In the import template, enable ‘Allow Optional SEPA Subfields’

This setting makes the parser flexible - it will correctly process files with SEPA extensions but won’t fail if it encounters older files without them

This prevents future import failures if the bank sends mixed format files.

Step 4: Process Backlog

For your five days of failed imports:

  1. Go to Cash Management > Bank Statement Import > Failed Imports
  2. Select all failed imports from your bank (filter by Bank Code)
  3. Click ‘Reprocess with Updated Template’
  4. CloudSuite will re-import the files using your SEPA-extended parser configuration
  5. Verify the imports succeeded by checking Cash Management > Bank Transactions - you should see five days of transactions now loaded
  6. Run cash reconciliation for those dates to match the imported transactions

Step 5: Validation and Testing

Request sample files from your bank showing the full range of SEPA subfields they may include. Test your import configuration with these samples to ensure it handles all variations:

  • Payments with /EREF/ only
  • Direct debits with /EREF/, /MREF/, and /KREF/
  • International transfers with additional SEPA fields like /ABWA/ (deviant originator)

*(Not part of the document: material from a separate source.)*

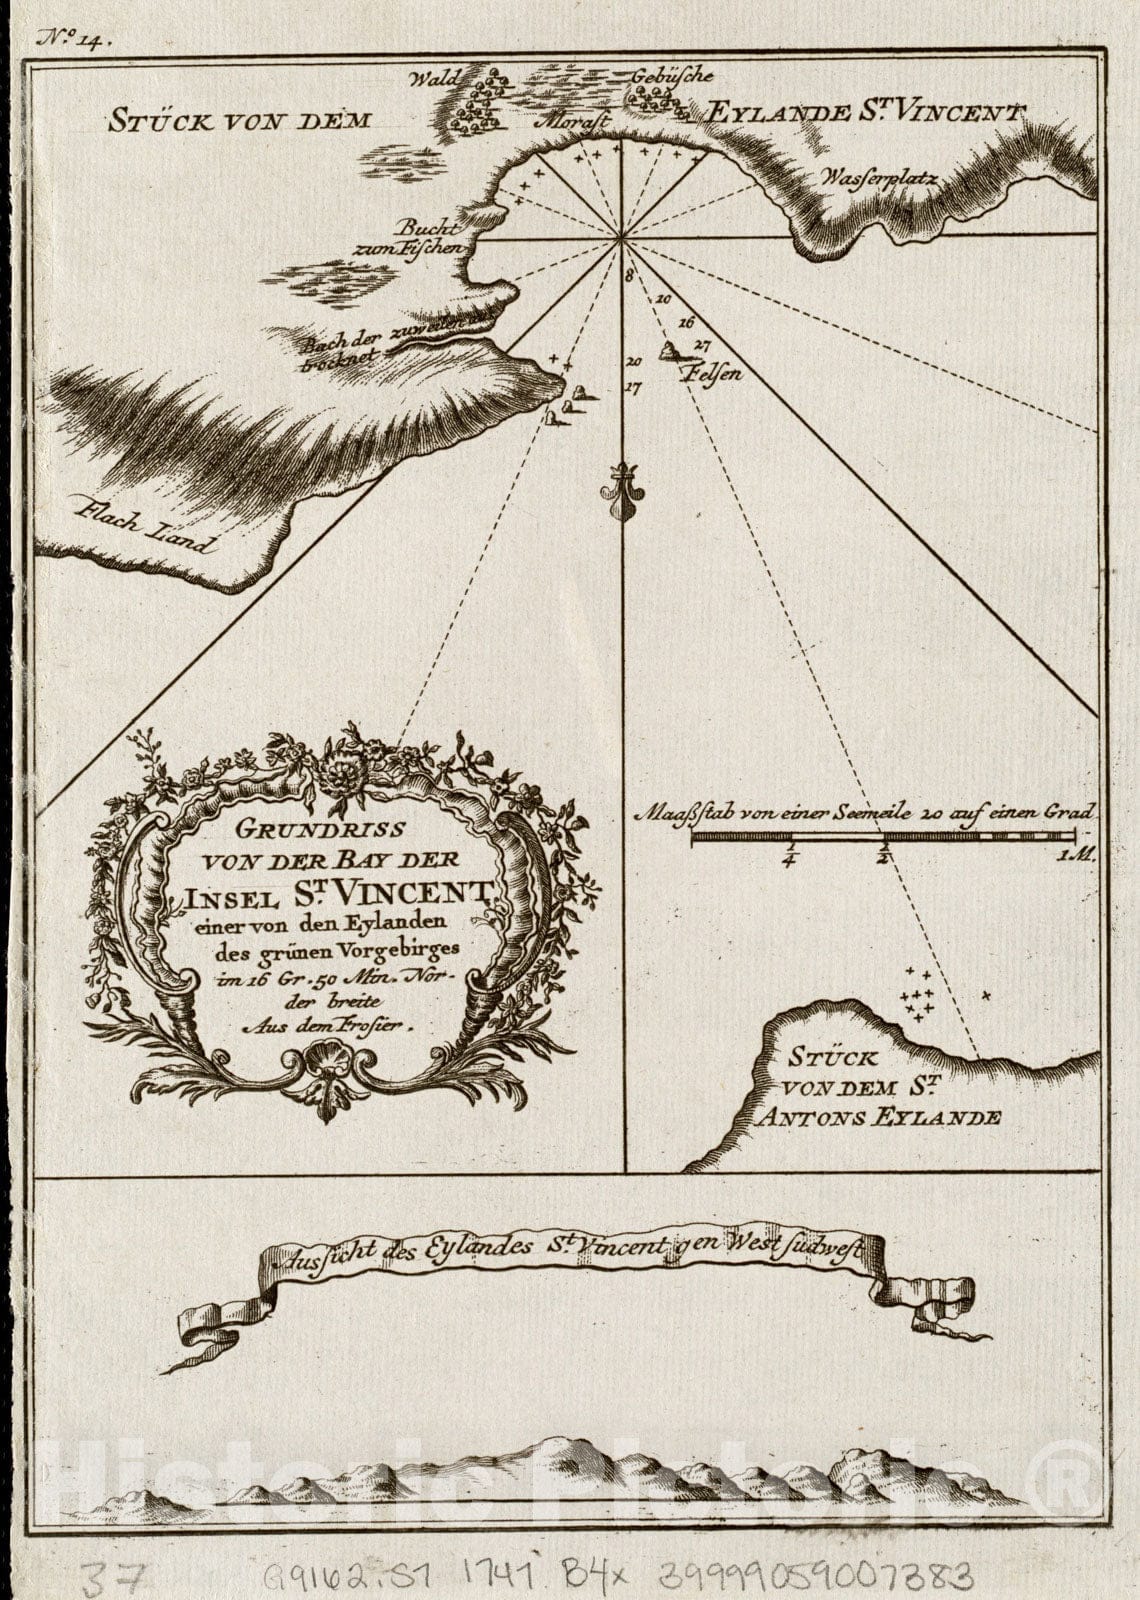 Historical Map, 1747 Grundriss von der Bay der insel St. Vincent Einer von den Eylanden des gruIË†nen Vorgebirges, Vintage Wall Art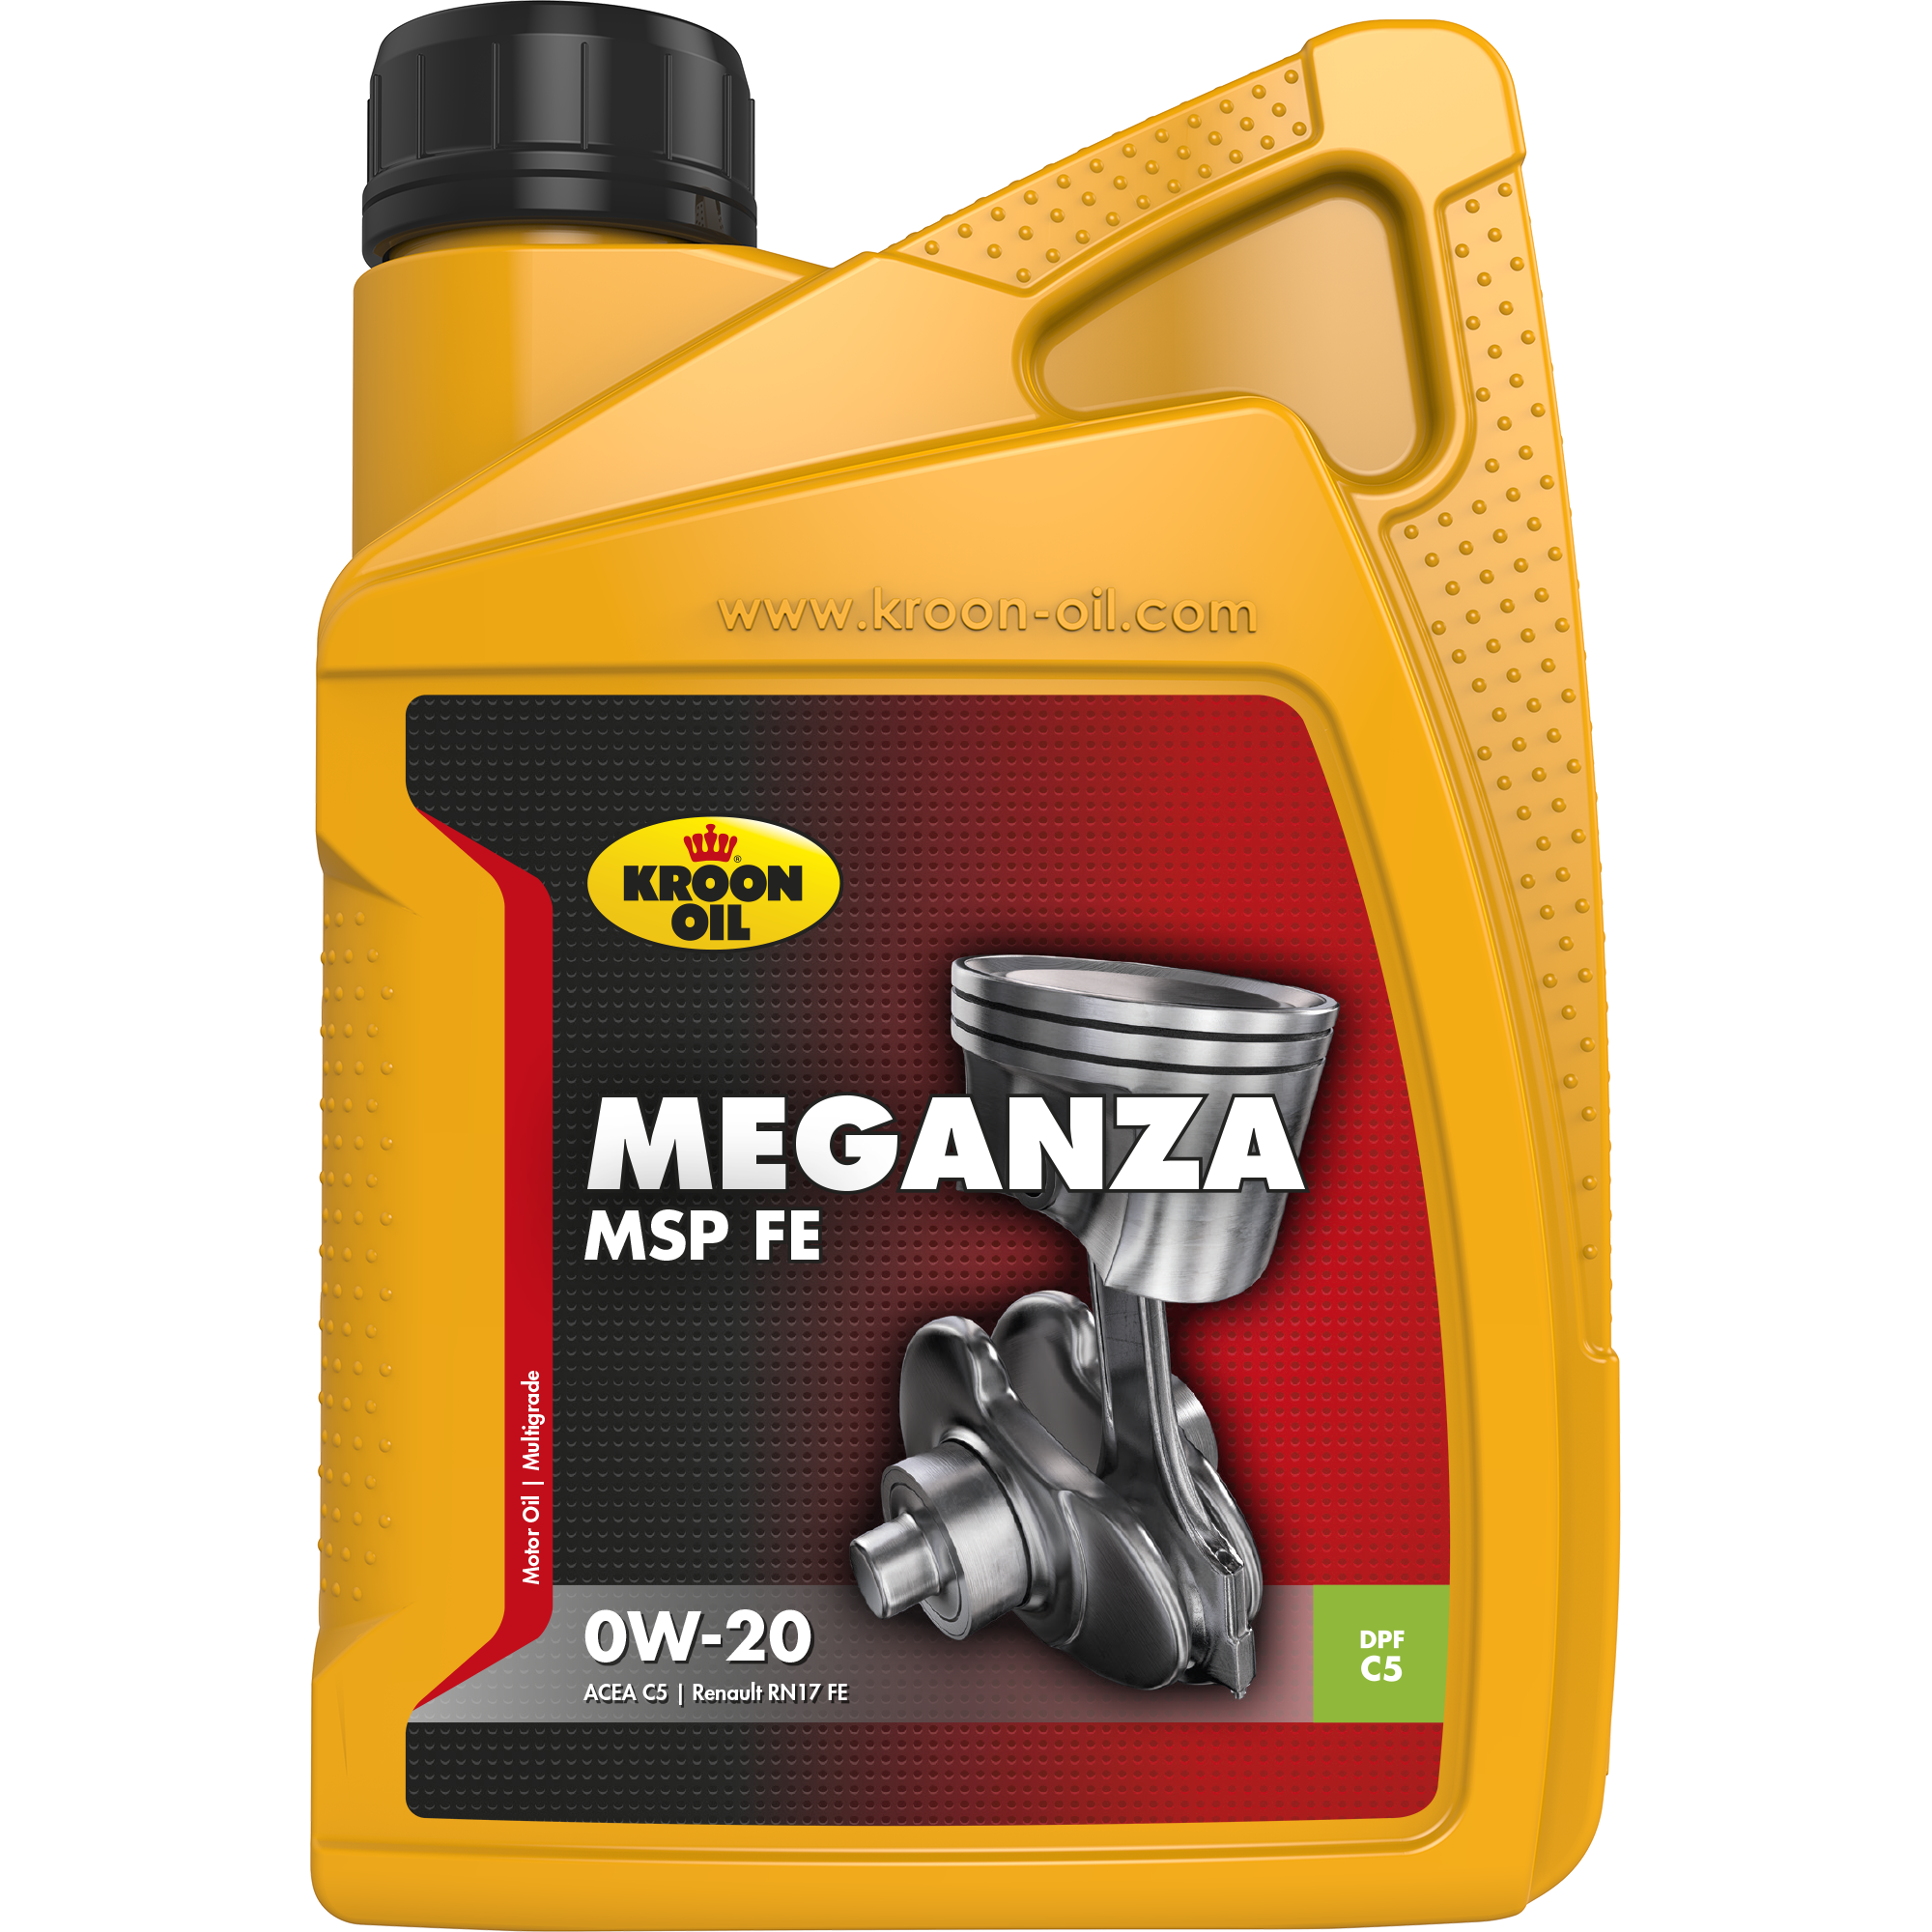 Kroon-Oil Meganza MSP FE 0W-20, 1 lt

This proactive testing prevents future import failures when the bank uses different SEPA subfield combinations.

Best Practice for Bank Format Changes:

Establish a notification protocol with your banking partners. Request that they provide:

  • 30-day advance notice of any MT940 format changes
  • Sample output files in the new format before go-live
  • Documentation of any new fields or subfields being added

This allows you to update CloudSuite import configurations proactively rather than discovering format changes when live imports fail. Add this requirement to your bank service agreements if possible.

Also consider implementing import monitoring alerts in CloudSuite: set up a notification rule that triggers if bank statement imports fail for any bank account two days in a row. This provides early warning of format issues before they create significant reconciliation backlogs.